* [Collected data]:
● ● ●
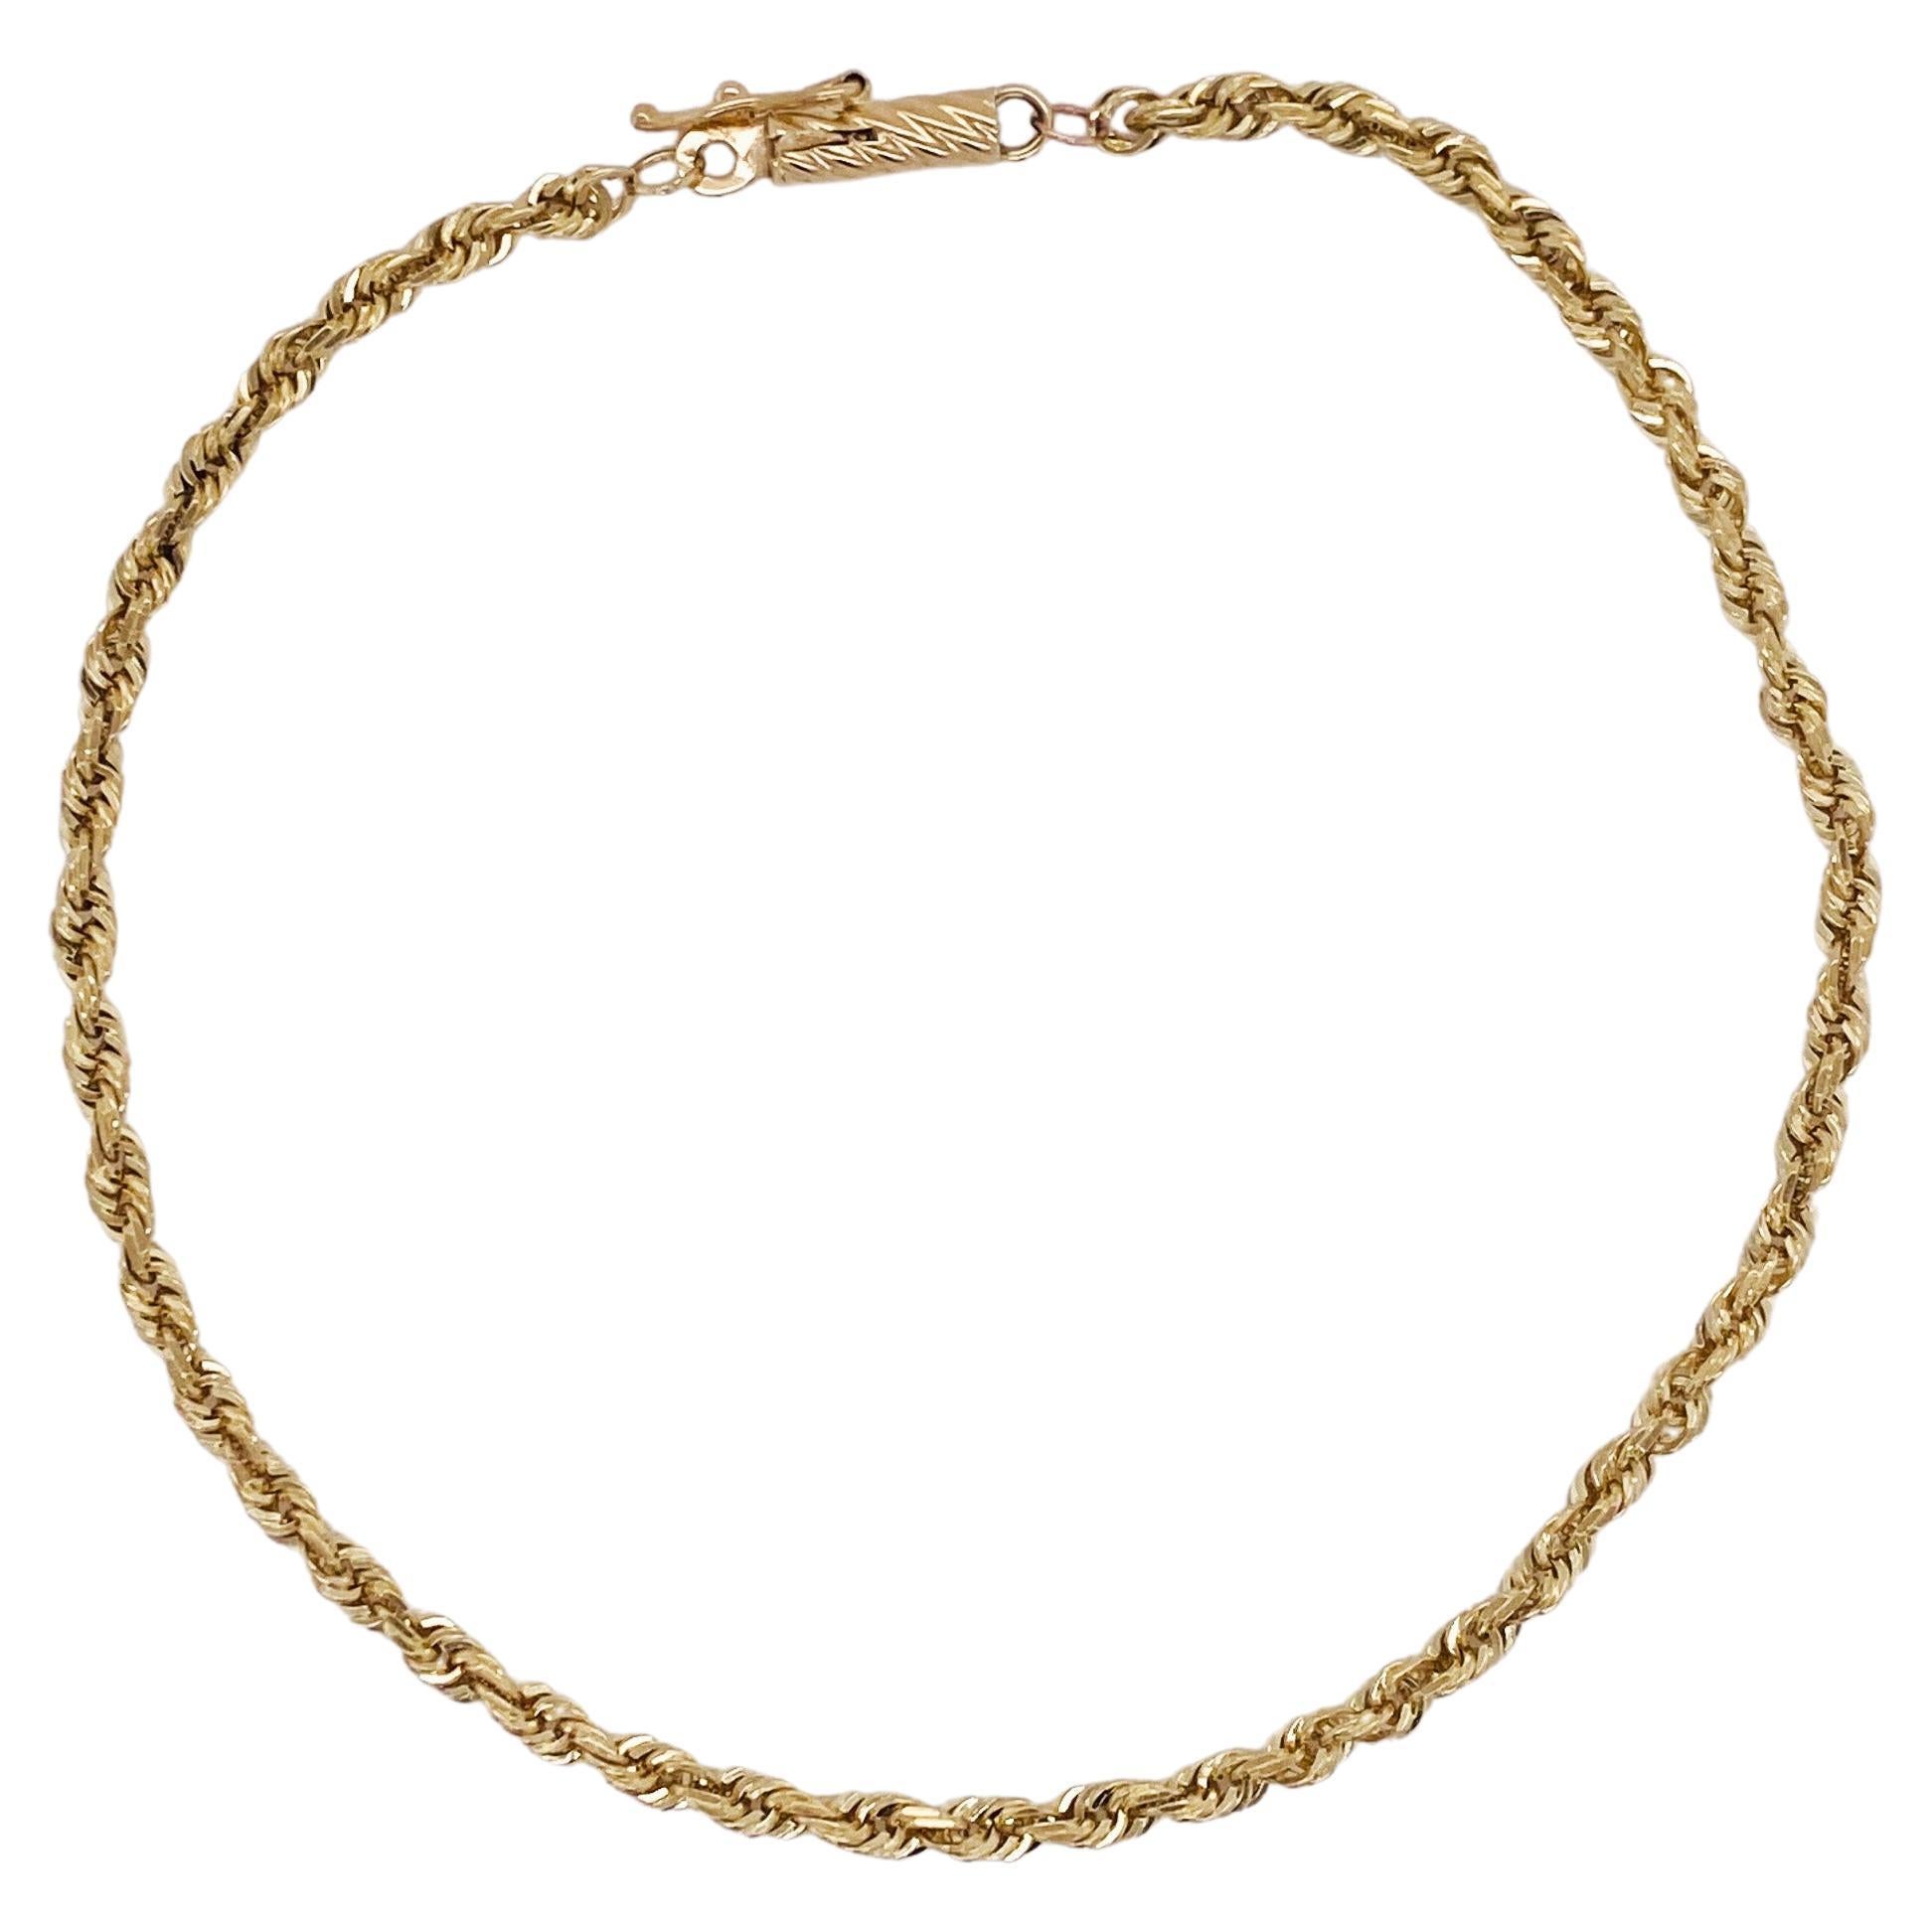 Slender Rope Chain Bracelet in 14K Yellow Gold 8", Barrel Clasp, Stackable LV For Sale
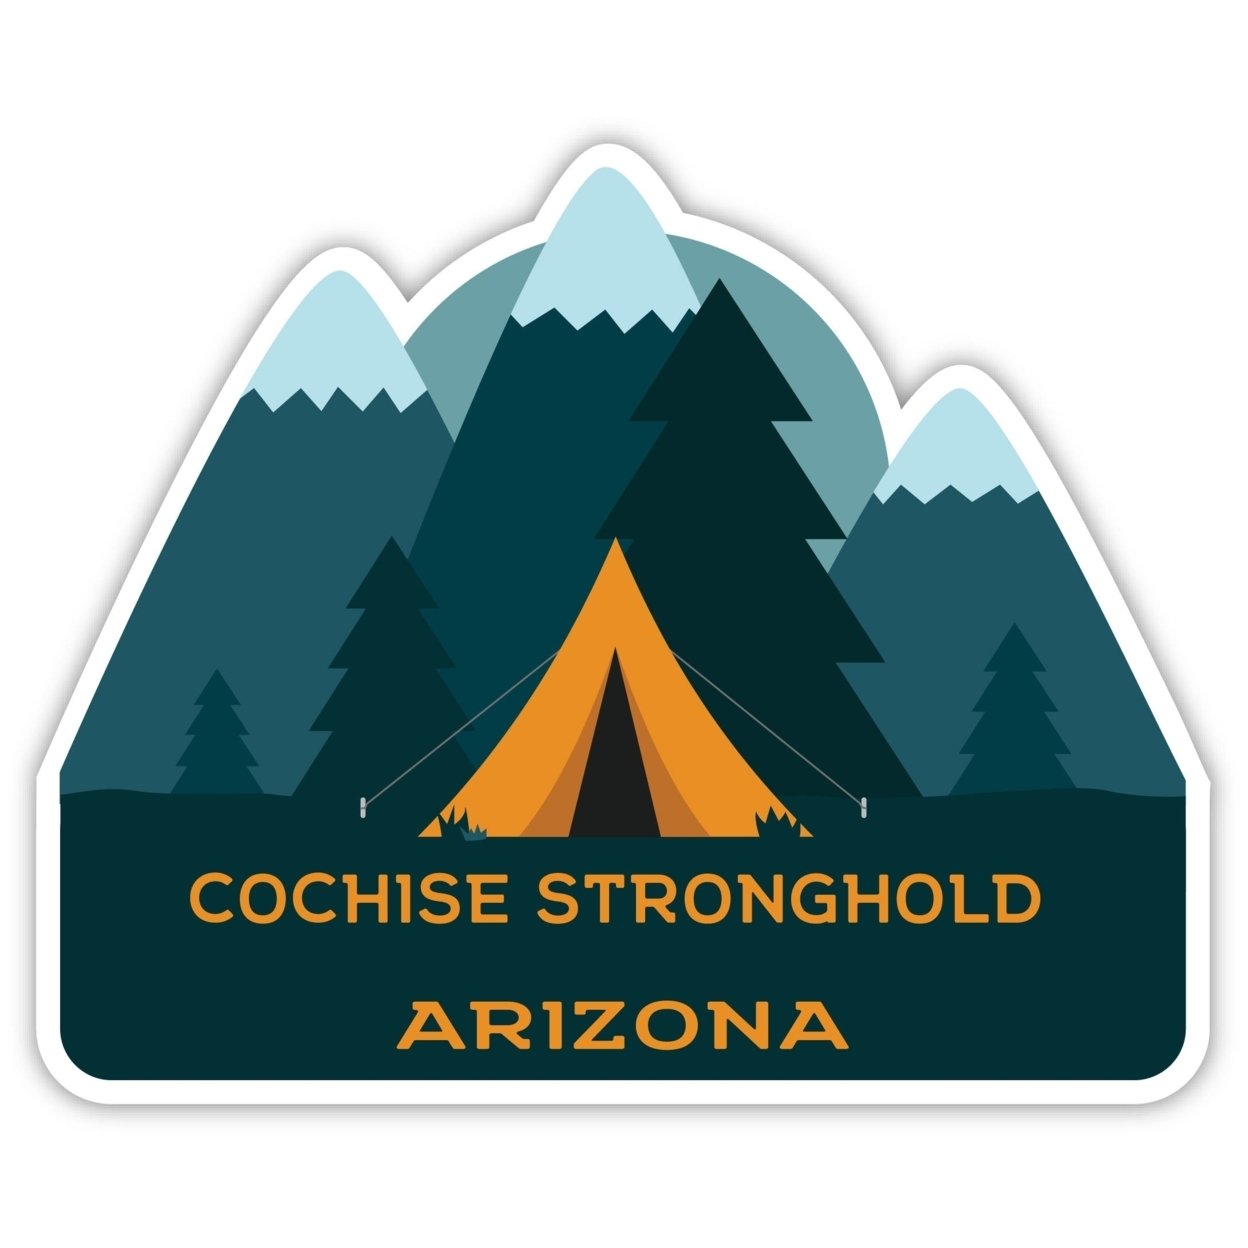 Cochise Stronghold Arizona Souvenir Decorative Stickers (Choose Theme And Size) - 4-Pack, 6-Inch, Tent
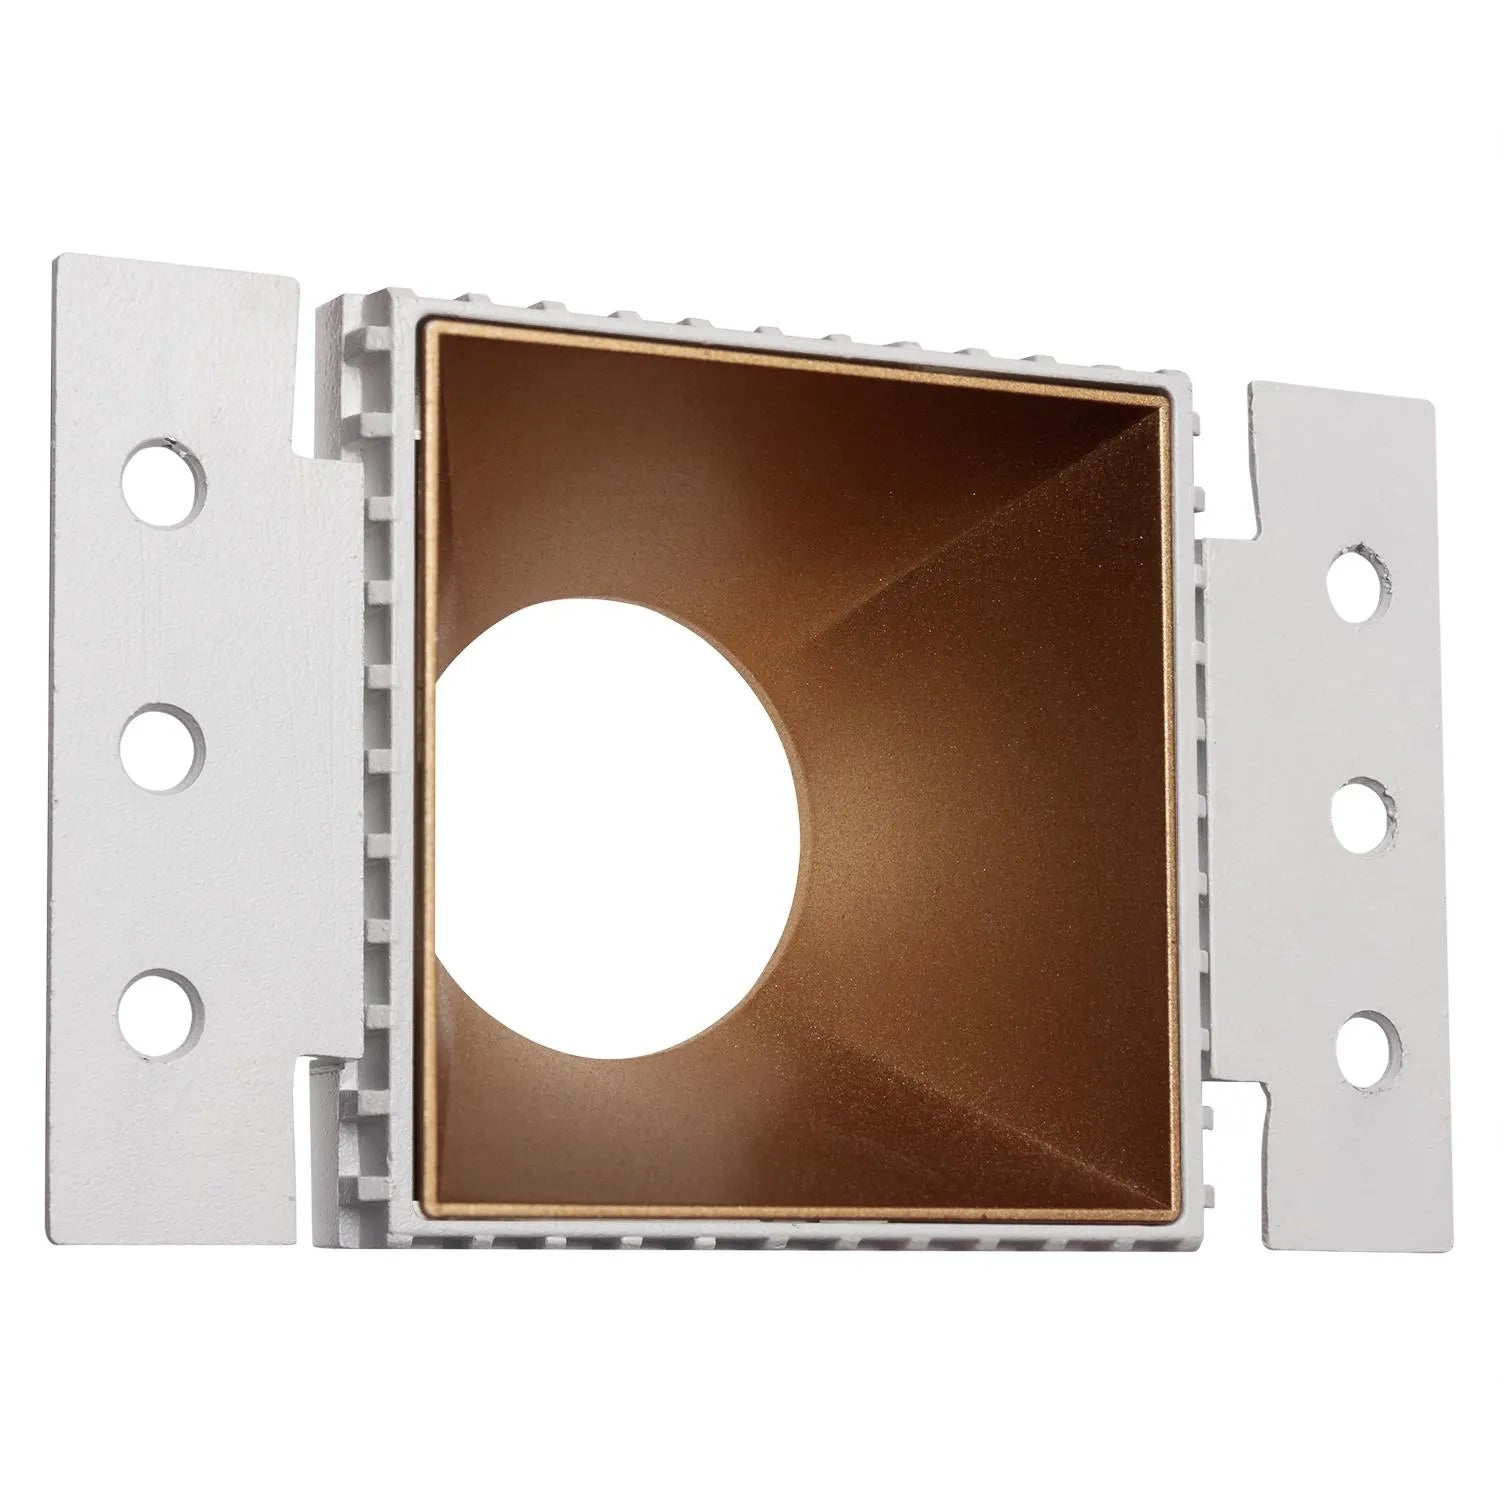 Westgate LRD-TL-10W-27K-4S-MG LED 4" Round Architectural Trimless Recessed Light Residential Lighting - Matte Gold
● ● ●
* [Exercise brief]:
Print the material in full and exactly, minus the pictures.

* [Written response]:
 Slender Rope Chain Bracelet in 14K Yellow Gold 8", Barrel Clasp, Stackable LV For Sale
 Cochise Stronghold Arizona Souvenir Decorative Stickers (Choose Theme And Size) - 4-Pack, 6-Inch, Tent
 Westgate LRD-TL-10W-27K-4S-MG LED 4" Round Architectural Trimless Recessed Light Residential Lighting - Matte Gold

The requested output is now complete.